→ Work instruction
Transcribe all of the data exactly. Omit the pictures.

→ Data provided
* * * * * * * * *

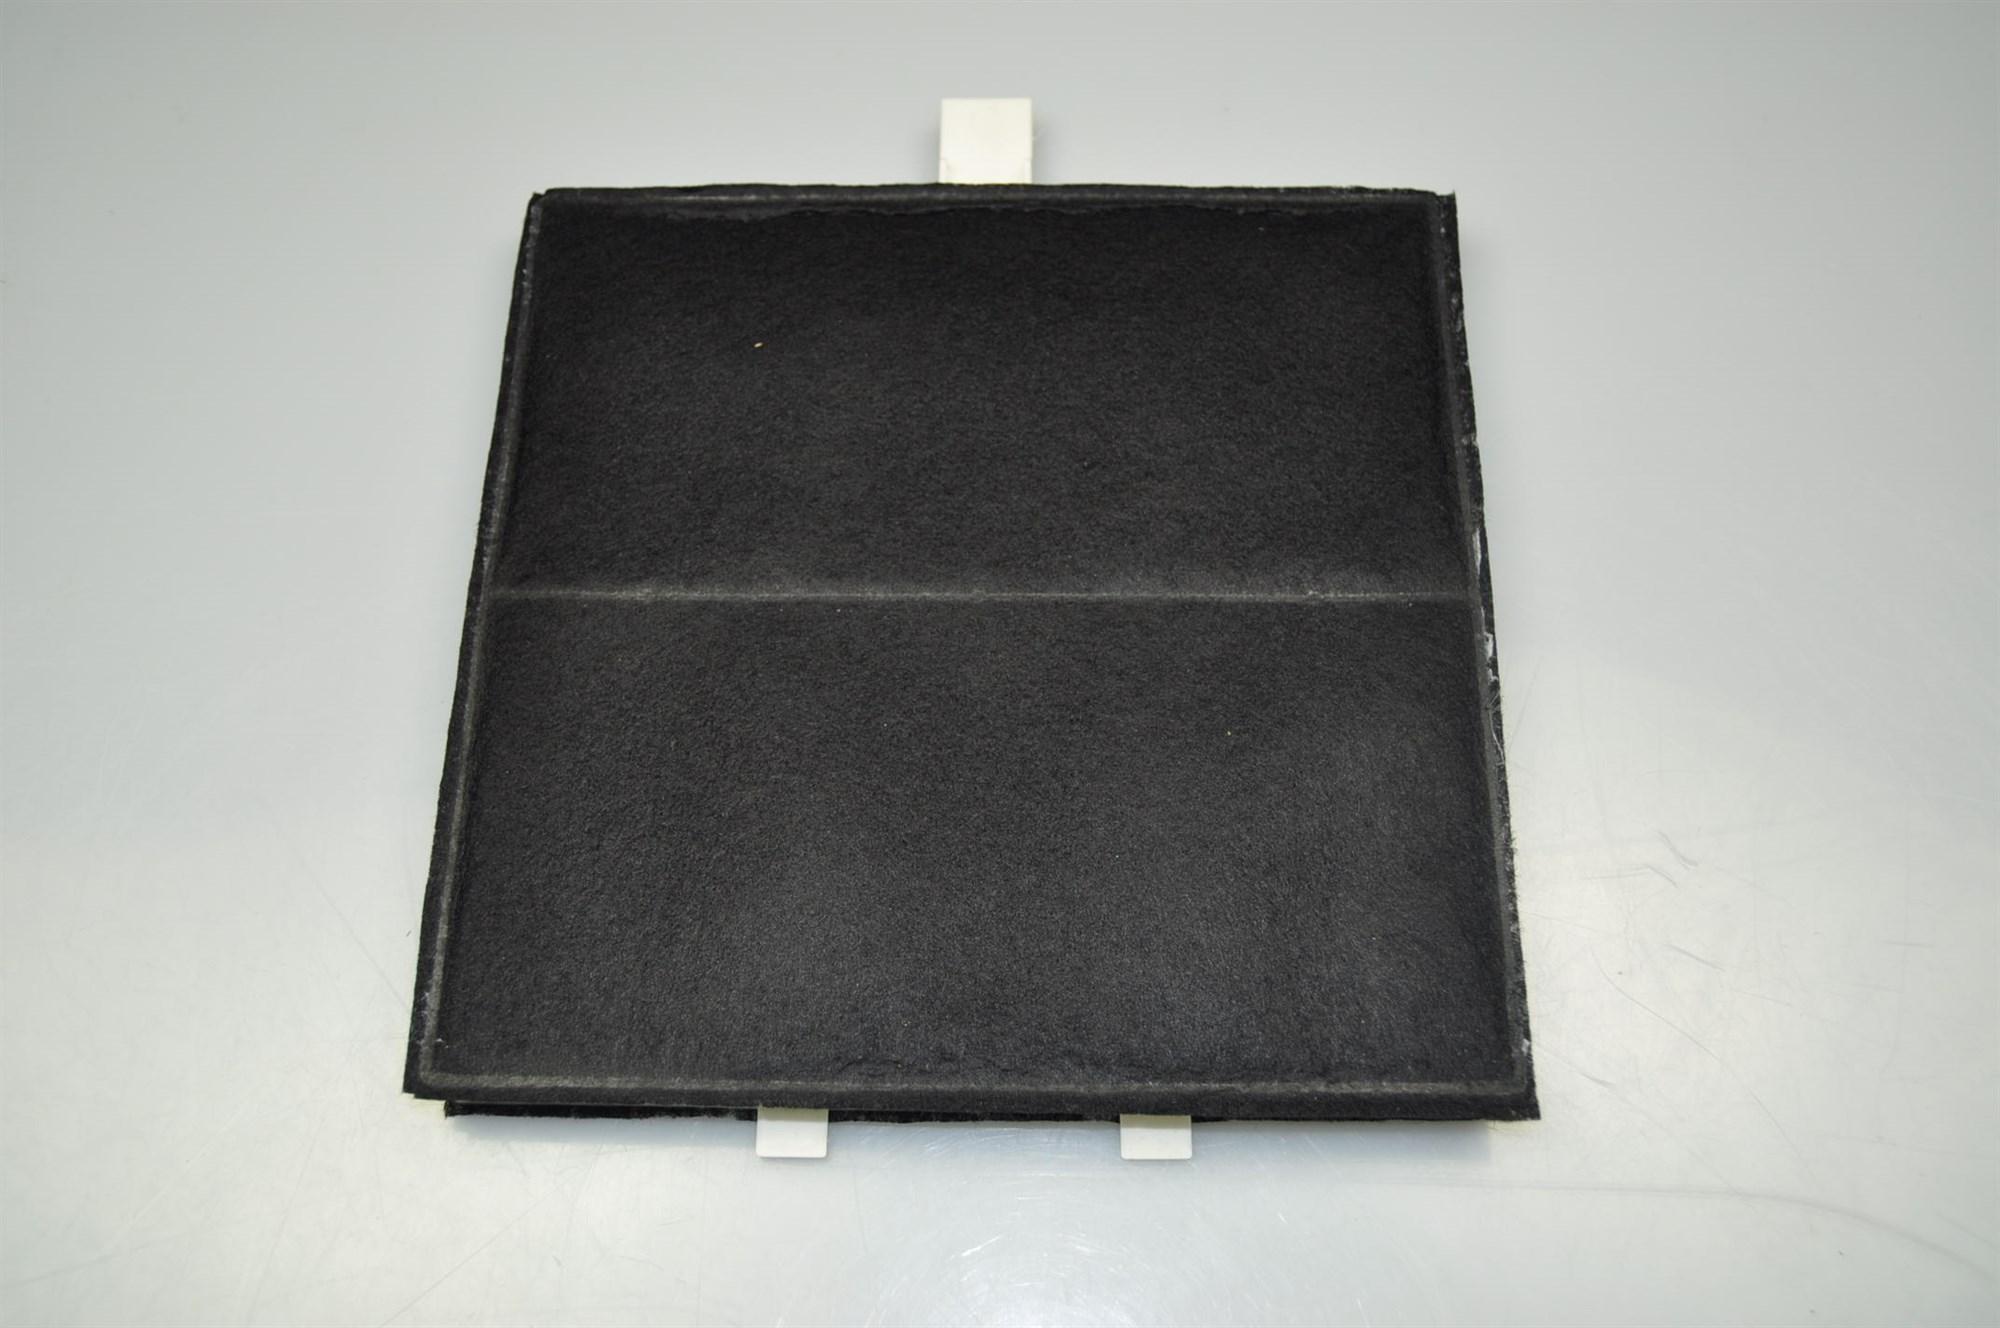 Kohlefilter siemens dunstabzugshaube 23 mm x 222 mm x 226 mm
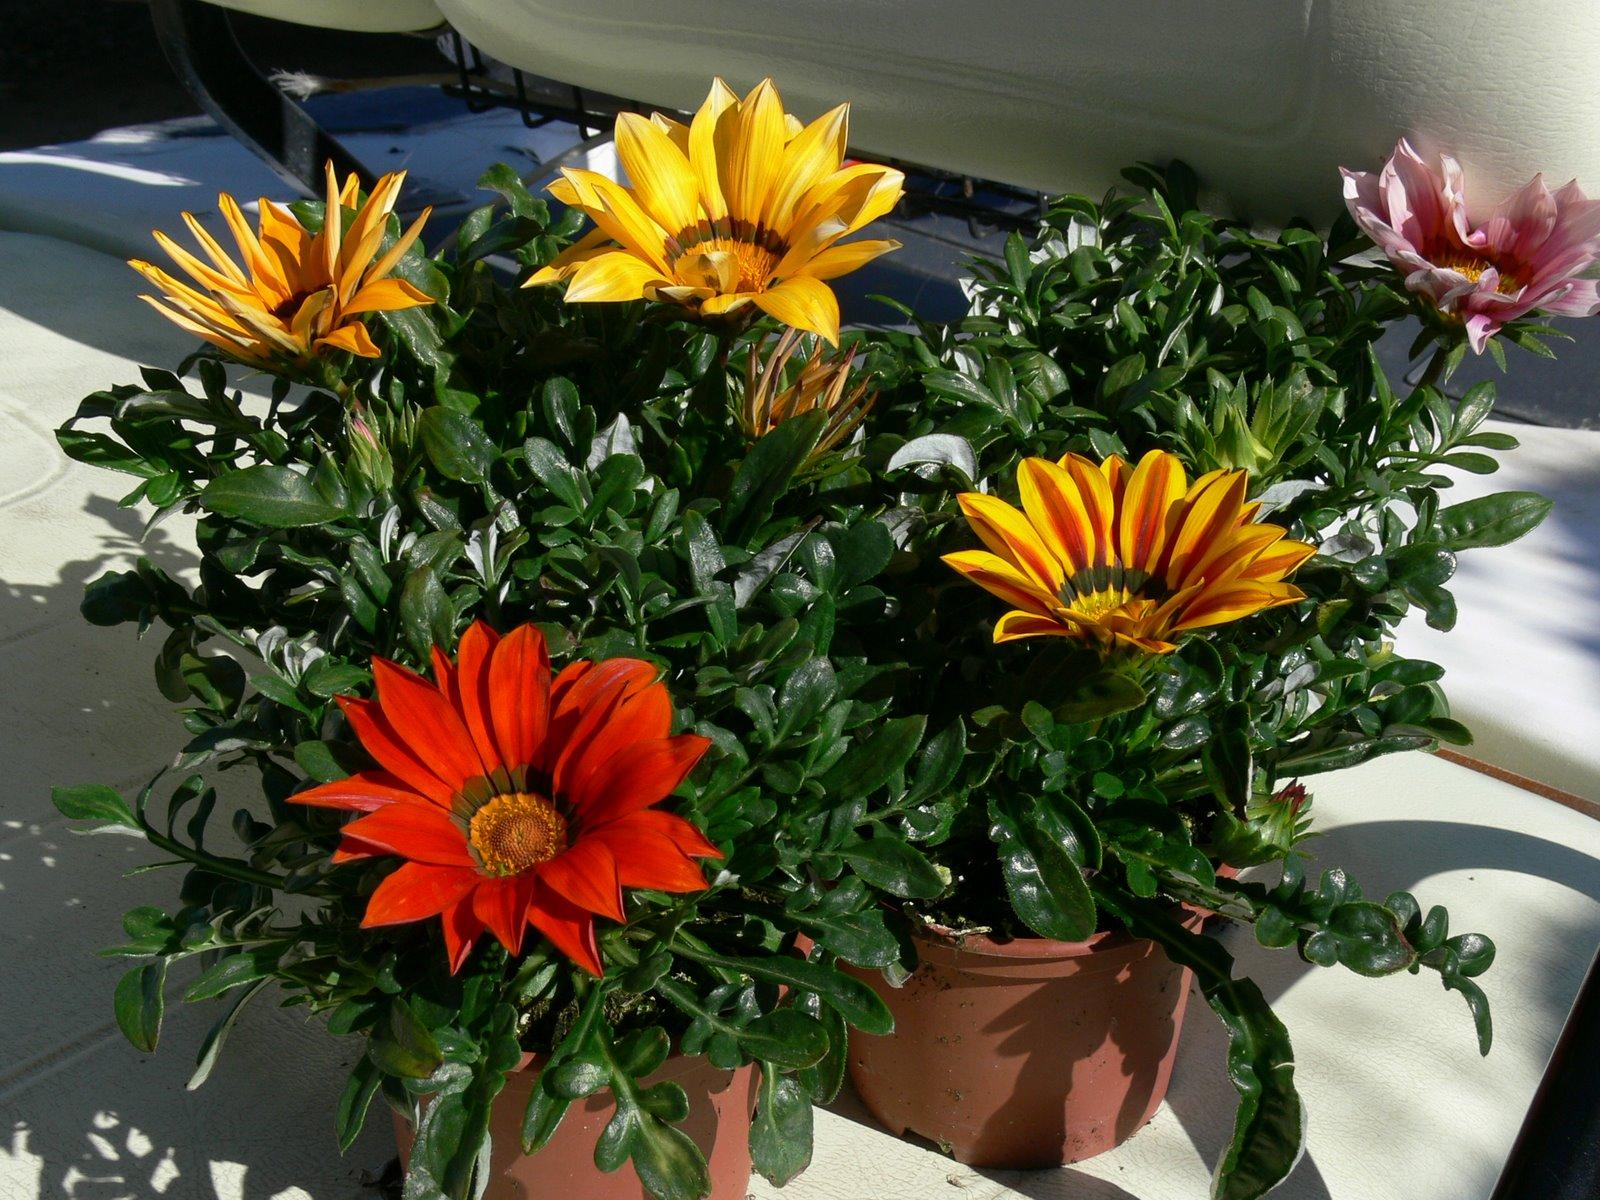 Simplyfiesta ideas f ciles para peque as fiestas - Plantas para terrazas ...
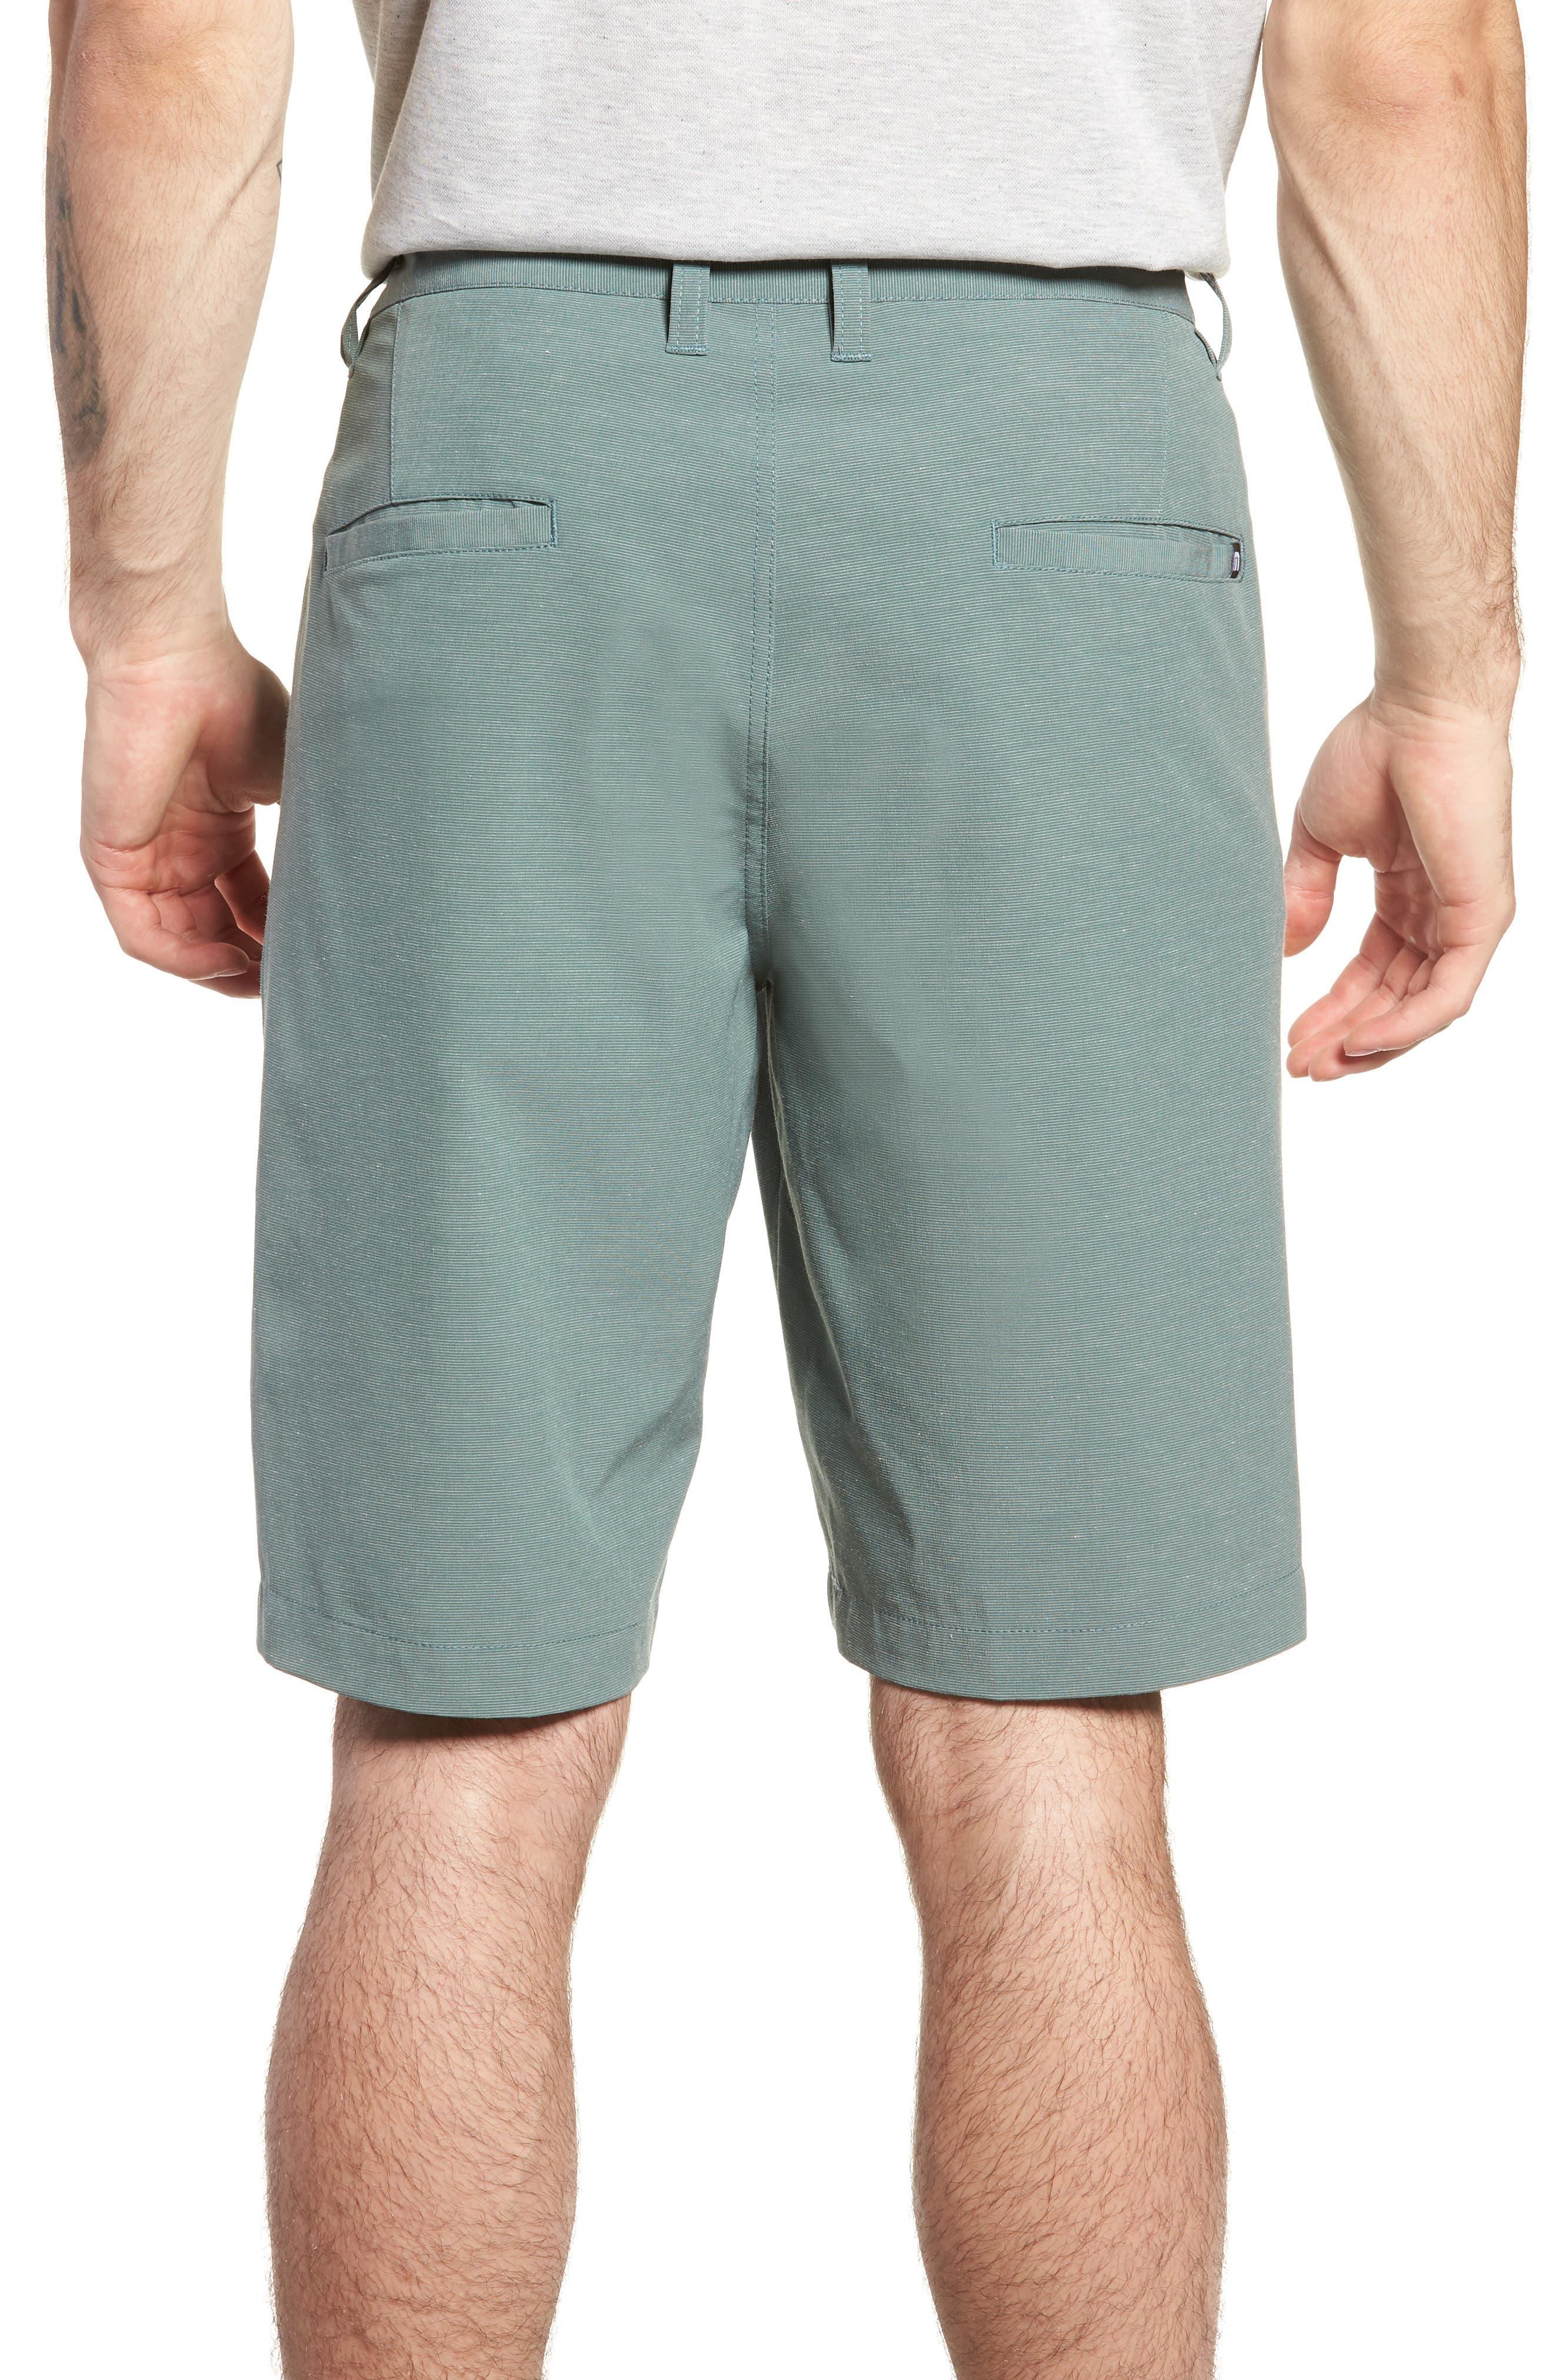 Revival Shorts,                             Alternate thumbnail 2, color,                             BALSAM GREEN

* * * * * * * * *

→ Exercise result
 Kohlefilter siemens dunstabzugshaube 23 mm x 222 mm x 226 mm
 Simplyfiesta ideas f ciles para peque as fiestas - Plantas para terrazas ...
 Revival Shorts,                             Alternate thumbnail 2, color,                             BALSAM GREEN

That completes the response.